WHAT THE TASK ASKS
A single stretch of the material below is to be transcribed exactly, starting at the line with "Alternate Image 1" and ending after the line with "Creta Mare Elafonisi,elafonisi".

GIVEN INFORMATION
····················

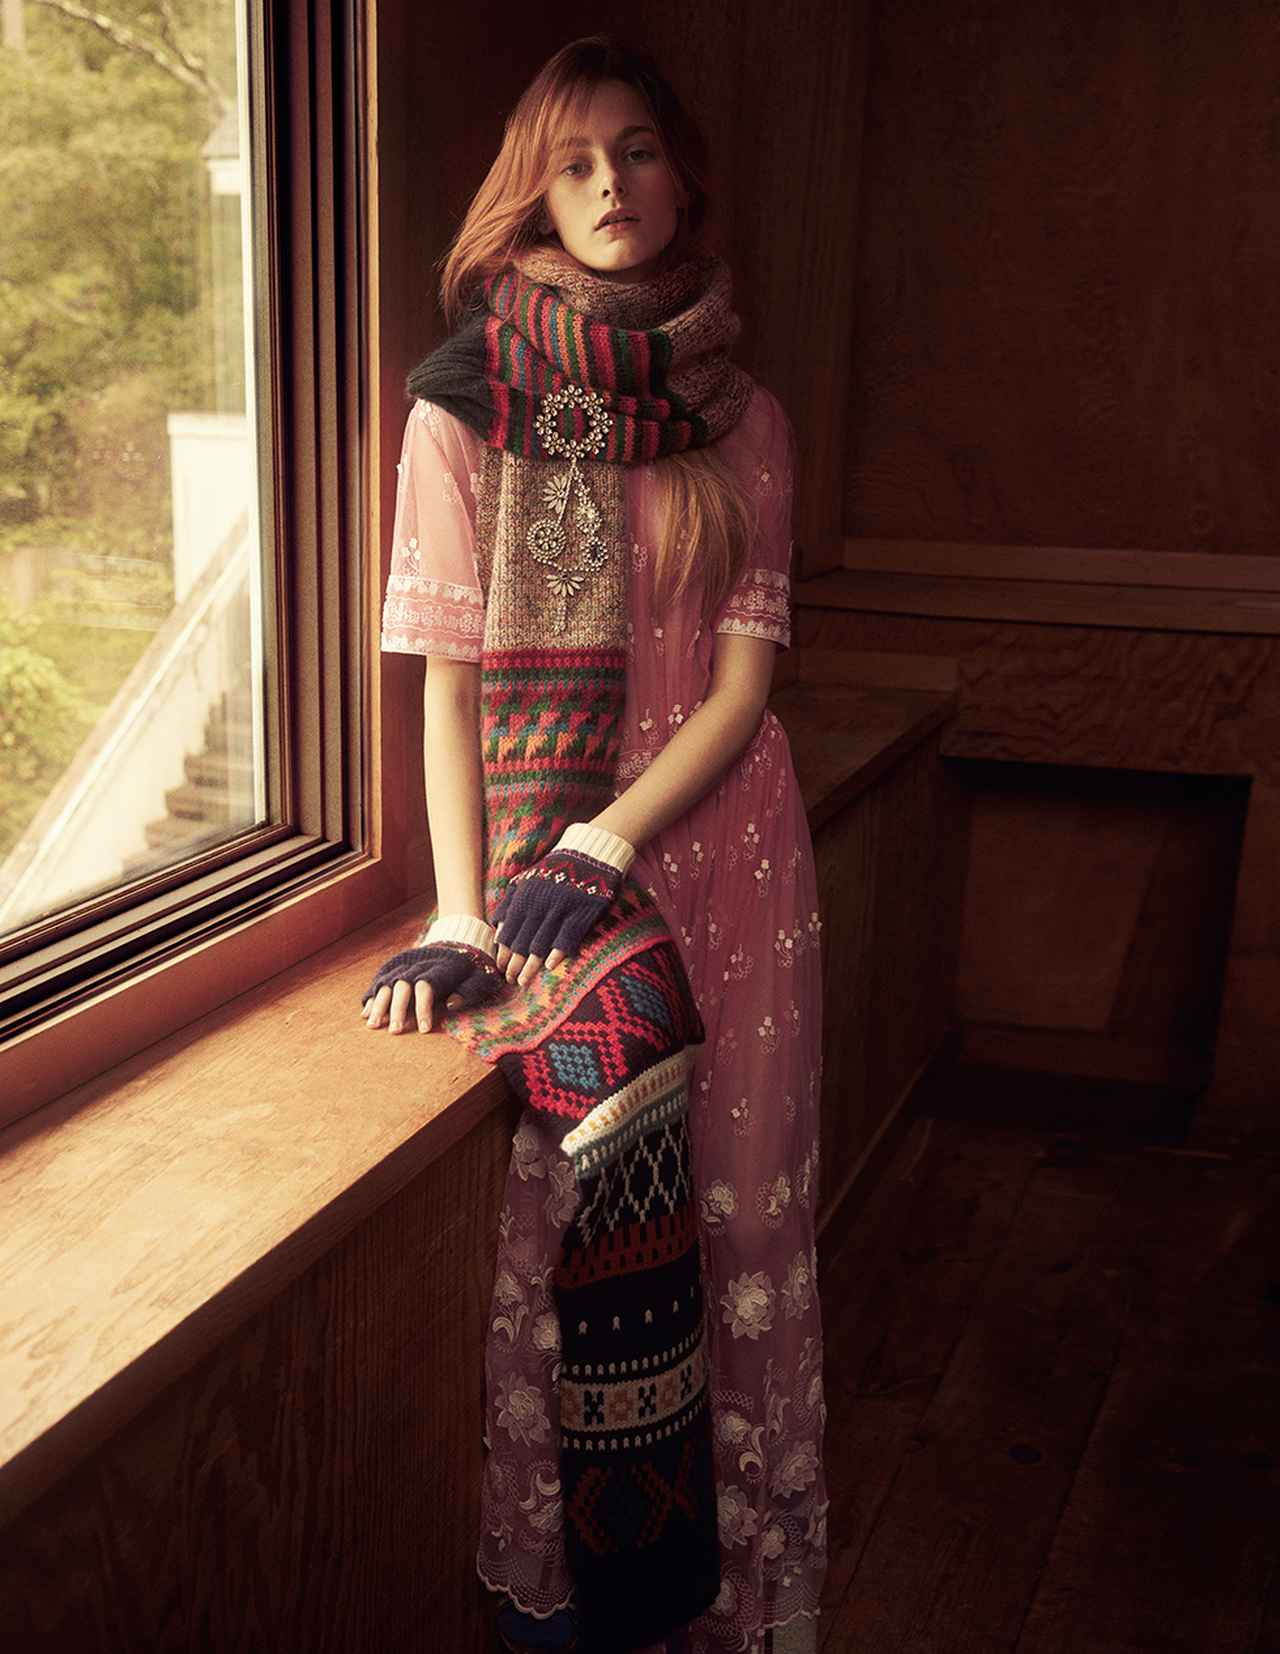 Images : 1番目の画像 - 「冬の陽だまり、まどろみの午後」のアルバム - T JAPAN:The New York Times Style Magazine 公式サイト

····················

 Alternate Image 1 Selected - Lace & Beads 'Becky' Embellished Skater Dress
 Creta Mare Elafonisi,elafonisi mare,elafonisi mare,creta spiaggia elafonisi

····················

RESPONSE BOX
 Alternate Image 1 Selected - Lace & Beads 'Becky' Embellished Skater Dress
 Creta Mare Elafonisi,elafonisi mare,elafonisi mare,creta spiaggia elafonisi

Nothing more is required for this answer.